There's a few tweaks in there, if you want to poke at it right now in its above pastebin state..
- the file offsets at which the search string is found will be pushed to the stack. This can all be removed for slightly faster execution / less code. This includes a small bit that deals with NULL bytes.
- the character that represents a NULL byte can be changed.. not that it really matters, as it's only used in order to keep file offset counting correct.
- the file offsets can be 0-based or 1-based (currently.. as every editor I use uses 1-based offsets, but pieces of code will usually be 0-based)
- the search is currently case sensitive.. can easily be made case insensitive by changing the "S==" logic to a "==" logic.
- the search currently searches the entire file... obviously, you only care about finding it -once-.. so in your case, you could exit the outer loop (a hacky goto will do) as soon as it finds the first needle and increases the counter.


you're a star, will test this as soon as i get home. thanks!


btw: to make this macro work multiple times, you need to add

StrCpy $file.eof 0


before the loop

yeah, like I said.. haven't sanitized it yet.. 'd like to know why my maximum string length needs to be 1 less than the actual maximum string length first before potentially replacing / amending the wiki page; that pastebin will expire in about a month.

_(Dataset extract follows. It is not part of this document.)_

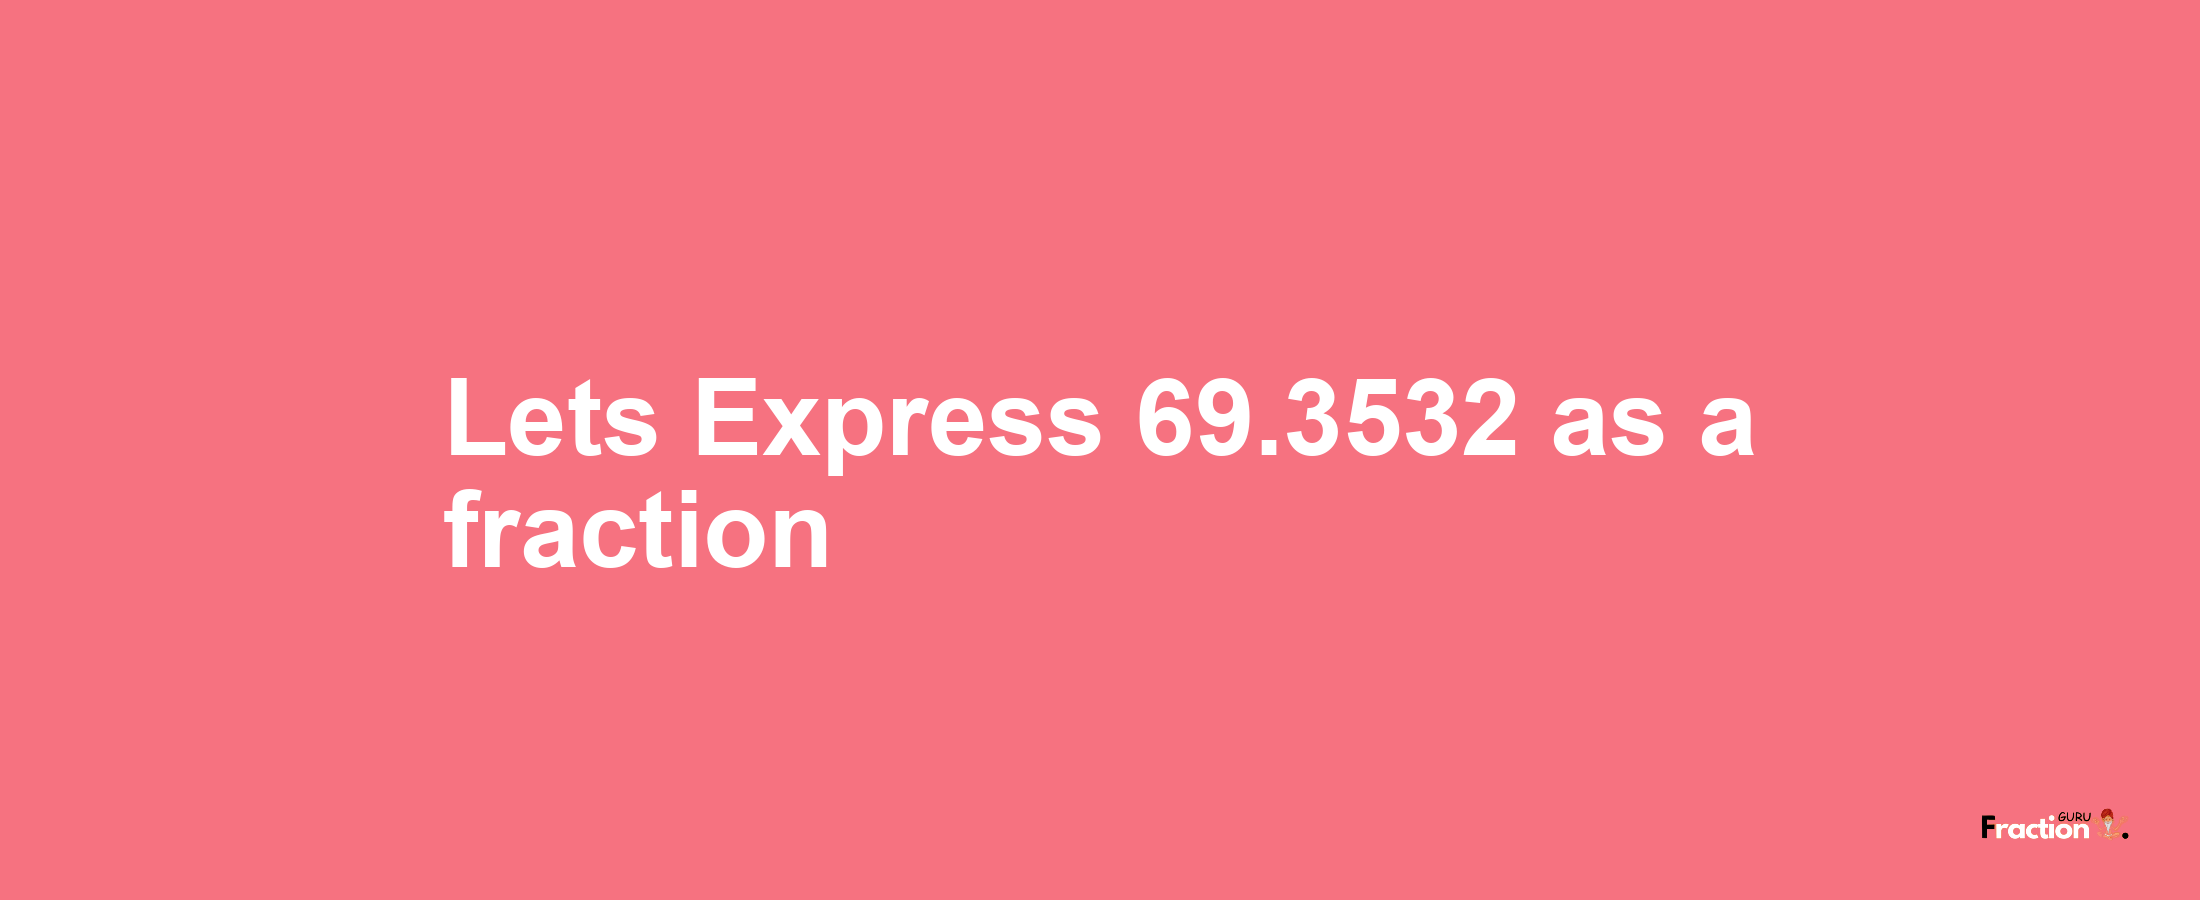 Lets Express 69.3532 as afraction

i'm also wondering why this macro (like the one i used before) are performing so weak. i did a search in notepad++ and got 3517 hits in 1563 files in about 16s. the same search using this macro takes a lot longer (something between 30 and 40mins.) some guy on the avs forum wrote a c++ app and search took about a second. (hope he can/wants to turn that into a nsis plugin!)

how can there be such a huge difference between those three methods?


Well it's a 'use the right tool for the job' sort of thing. NSIS is very powerful and flexible and just the fact that you -can- use it to search for strings in binaries is a testament to that.

But that doesn't mean you -should- unless you have no choice (and as there is indeed no plugin, your choices are limited).
There's several things that make the macro much slower than a more dedicated solution.. starting with NSIS code being semi-interpreted, going through the various variable access bits and pieces, the need to read one byte at a time if going binary in NSIS (while another app might simple read 8K of bytes in one go), etc. It's also entirely possible that my code can be optimized further.

It can probably at least be sped up by ignoring the fact that you're reading a binary file (as you only care about plaintext), and search within that; there's probably already functions for doing so in the WiKi, but the main adjustment would be how $haystack gets built.

But it will never be as fast as a dedicated solution. And if your installer needs to seek through thousands of files or files any larger than a few kilobytes, a dedicated solution is most likely what you'd want :)


will stick with your macro for now as it's more reliable than everything i tried before. i used a more sloppy one in the previous version of my "installer". so while this might be performing as good or bad as the previous one, it's certainly a win. and in the best case i will get a plugin to replace it soon.